Di posseder credendo un merito infinito,
Le visite coltiva, coltiva i cicisbei,
E guai se uno mi guarda, li vuol tutti per lei.
Finor quanti partiti a me son capitati,
Con arte e con malizia li ha1 tutti attraversati.
E intanto passan gli anni senza speranza alcuna,
Malgrado alla mia dote, di ritrovar fortuna.
Sol colla cara sposa il padre si consiglia,
E l’ultima di tutti son io nella famiglia.
Fra l’amor che mi sprona, e il trattamento indegno,
Entrai da risoluta nel periglioso impegno.
So che ciò non conviene a giovane bennata,
Ma ragion non conosce un’alma innamorata.
Sì, maritarmi io voglio... Dormi, Lisetta?
Lisetta.
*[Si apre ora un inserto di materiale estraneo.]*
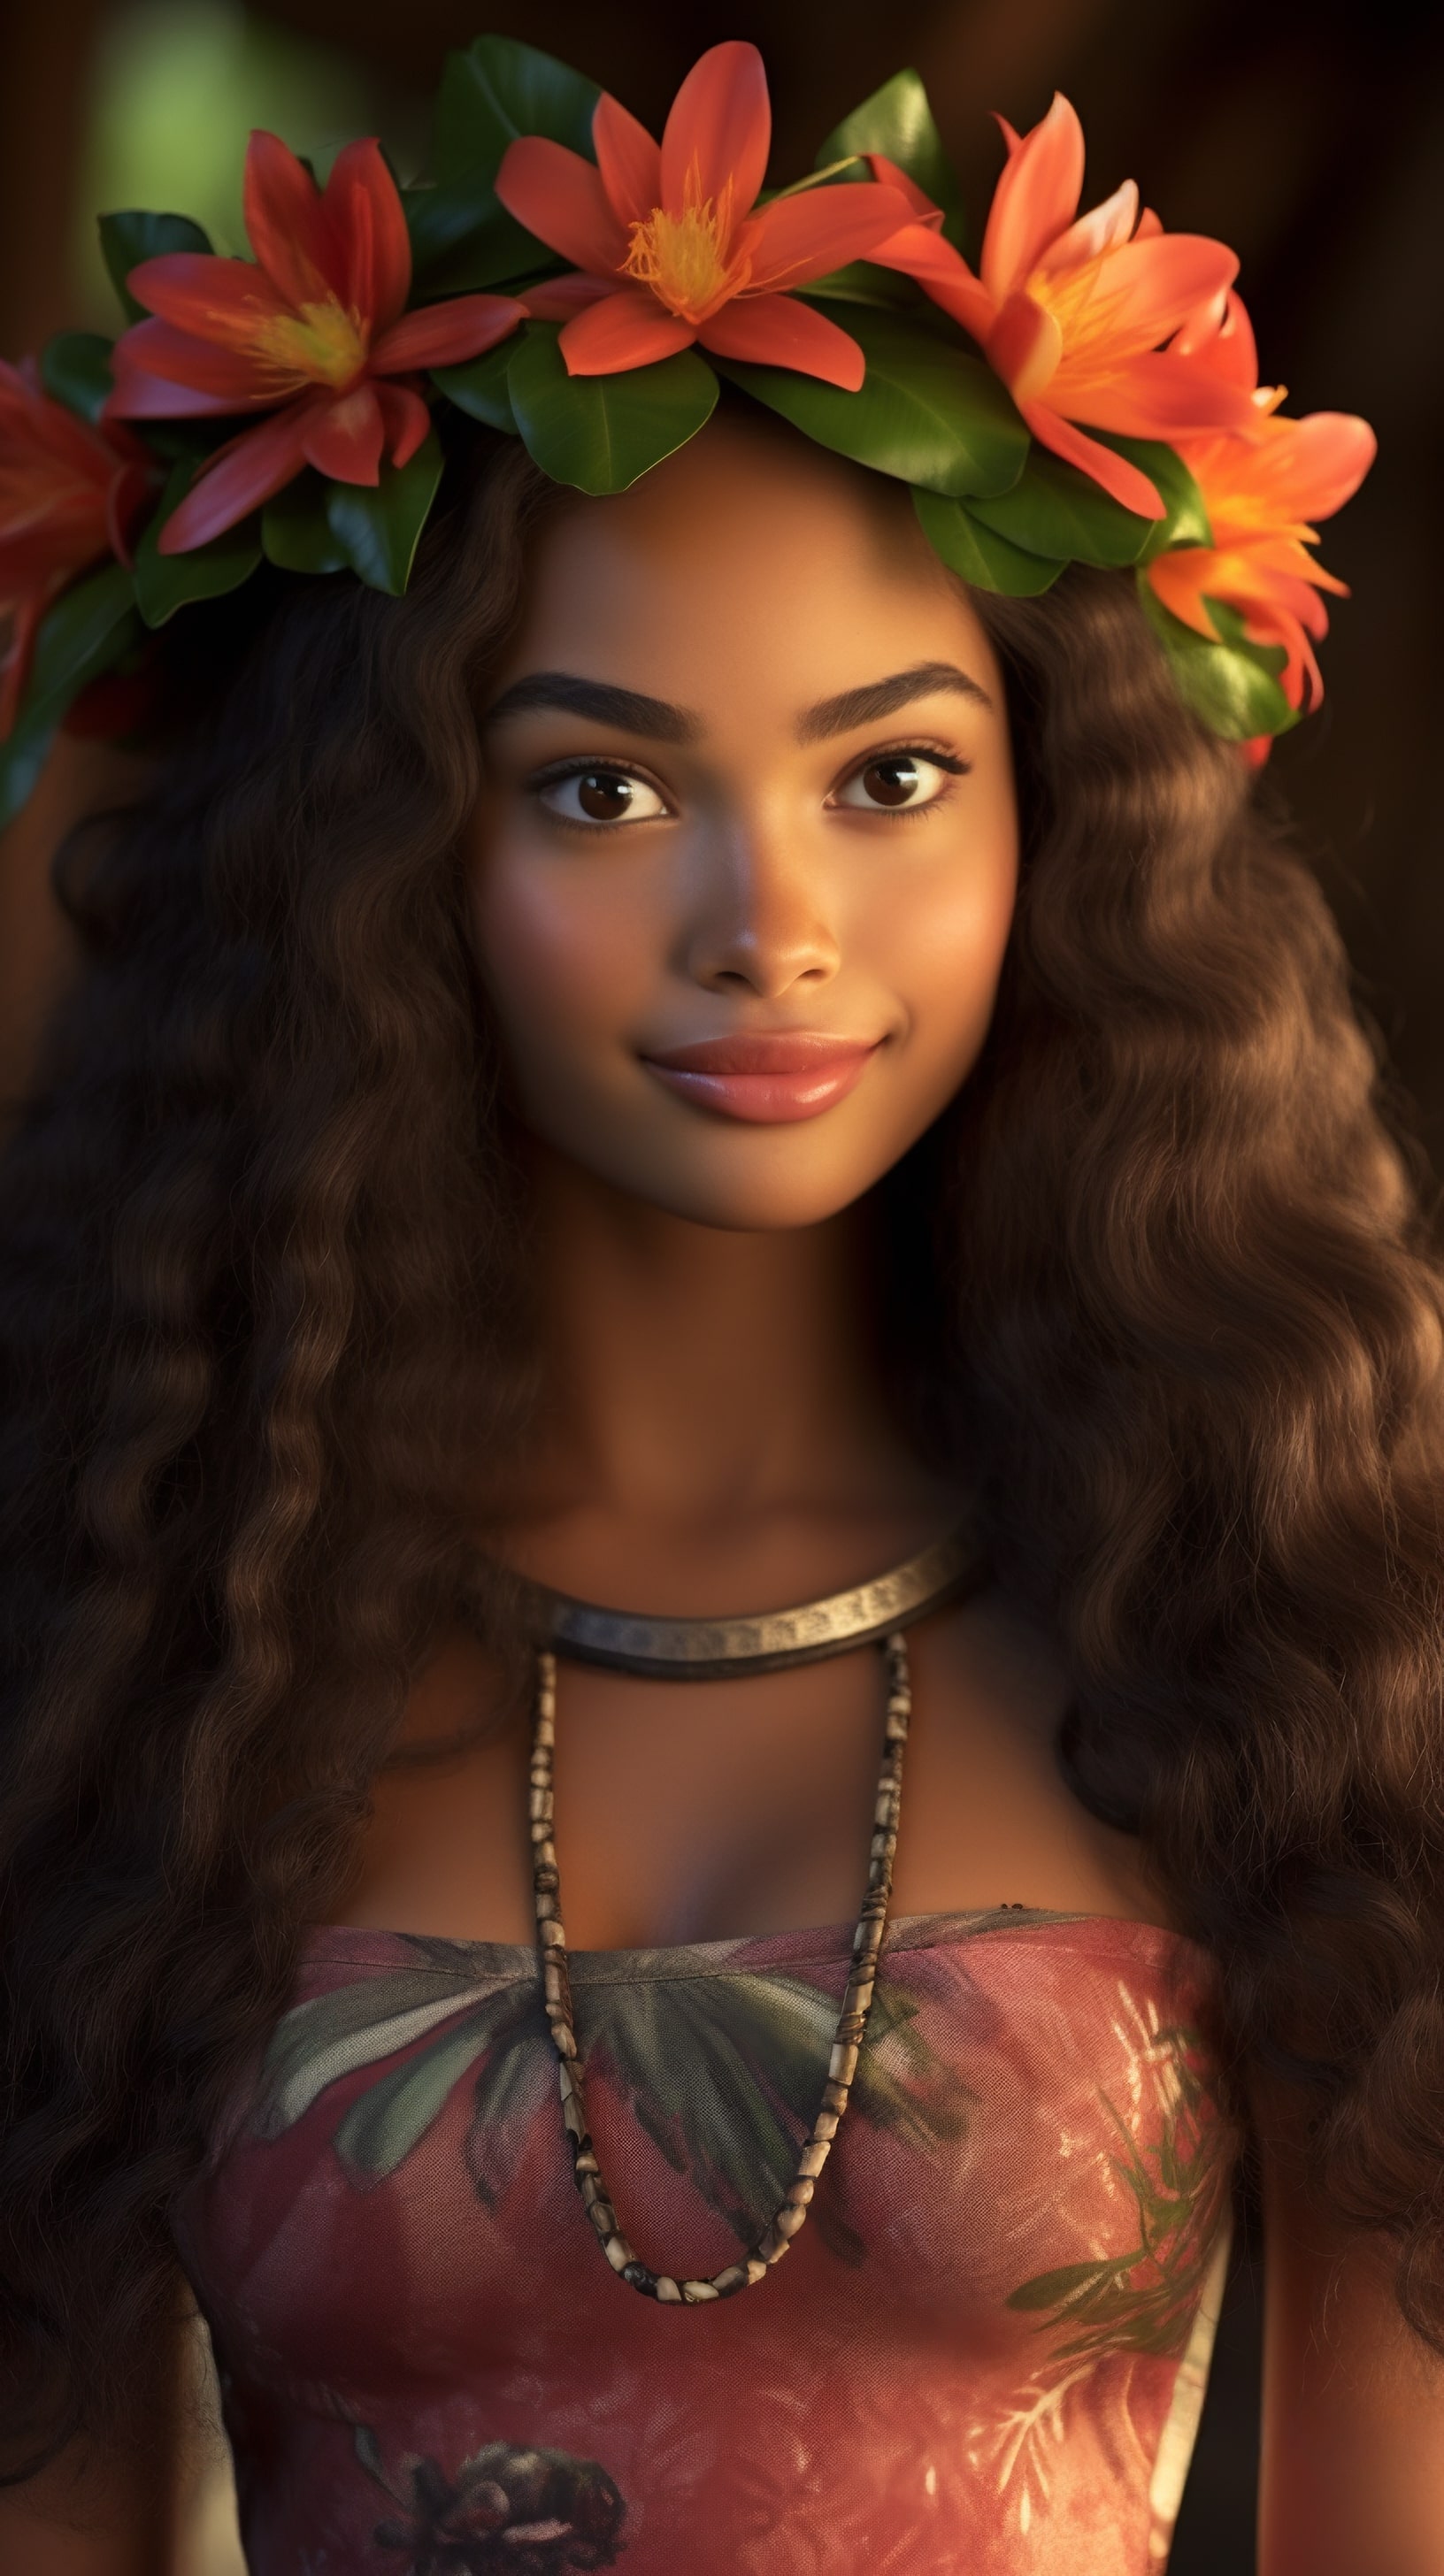 Украшение из цветов на голове полинезийской девушки

Oibò. (svegliandosi)
Barbara. Cosa ho detto finora?
(Mariano si addormenta in piedi, barcollando)
Lisetta. In verità nol so.
Barbara. Dunque così mi ascolti? (a Lisetta)
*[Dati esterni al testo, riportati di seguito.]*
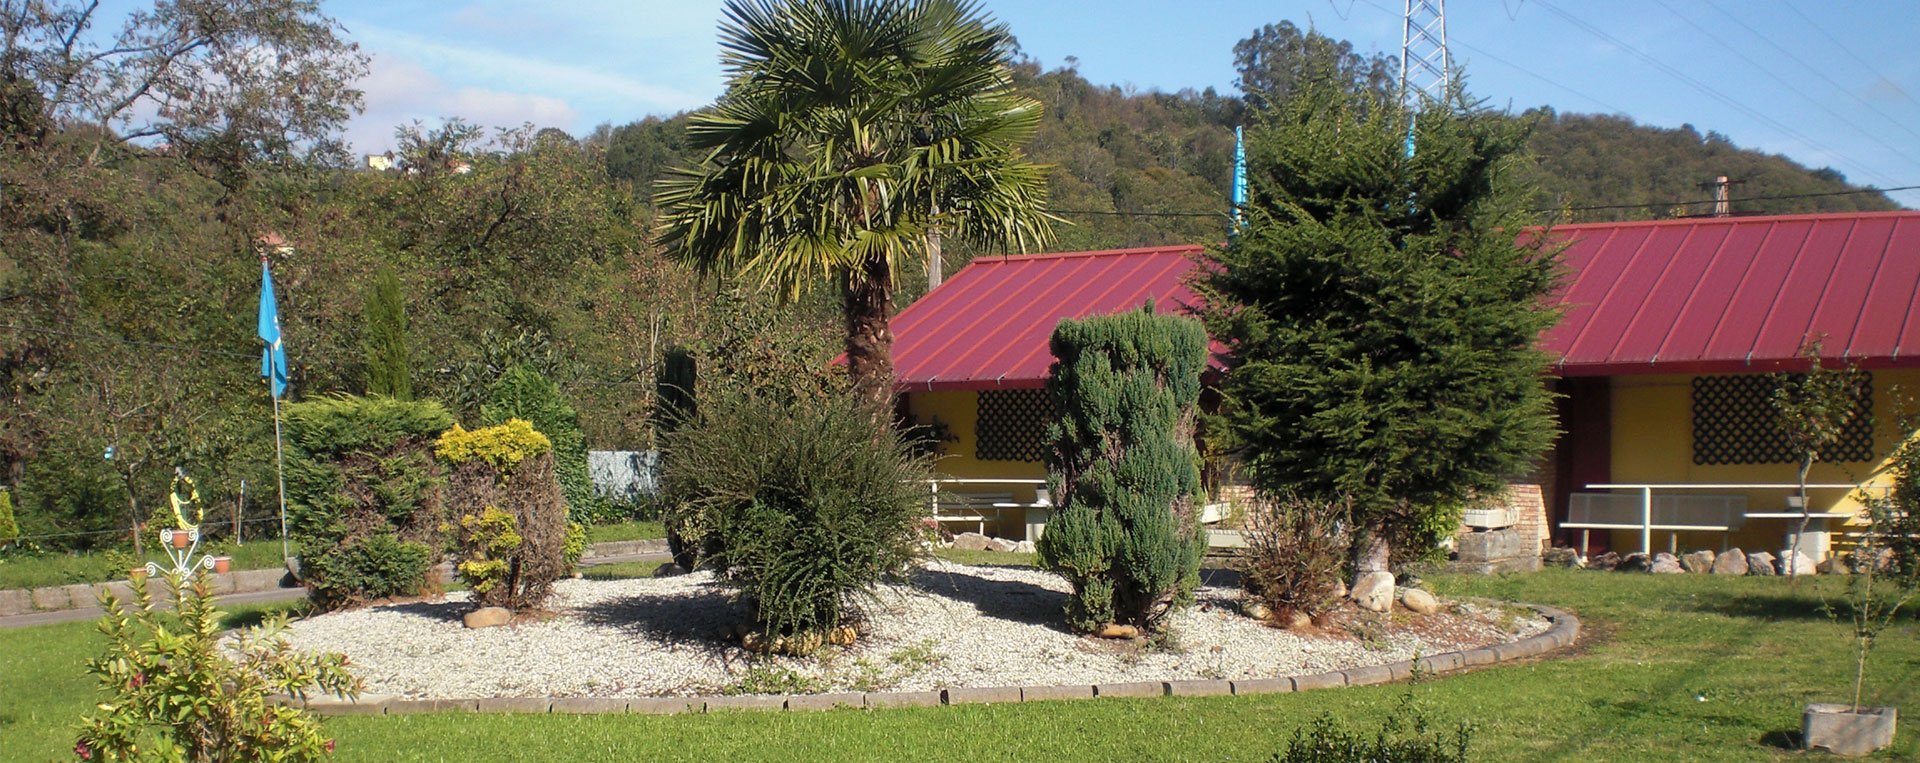 Jardín Residencia ancianos Tuilla en Asturias

Lisetta. Perdon, per carità.
Barbara. Usi colla padrona sì bella inciviltà?
Quel che finora ho detto, laverò detto invano?
Lisetta. Mi darei delle pugna.
Barbara. Parlerò con Mariano.
(voltandosi a Mariano, lo vede addormentato)
Povera me! Mariano. (destandolo)
Mariano. Seguiti pur.
Barbara. Vigliacco!
Mariano. Per carità, signora, datemi del tabacco.
Barbara. Piglialo, e se più dormi.... (gli dà una tabacchiera d’argento)
Mariano. No certo, infino a sera.
Se ho tabacco, non dormo.
Lisetta. (A lui la tabacchiera?) (da sè)
- ↑ Nelle edd. del Settecento è stampato l’ha, o gl’ha.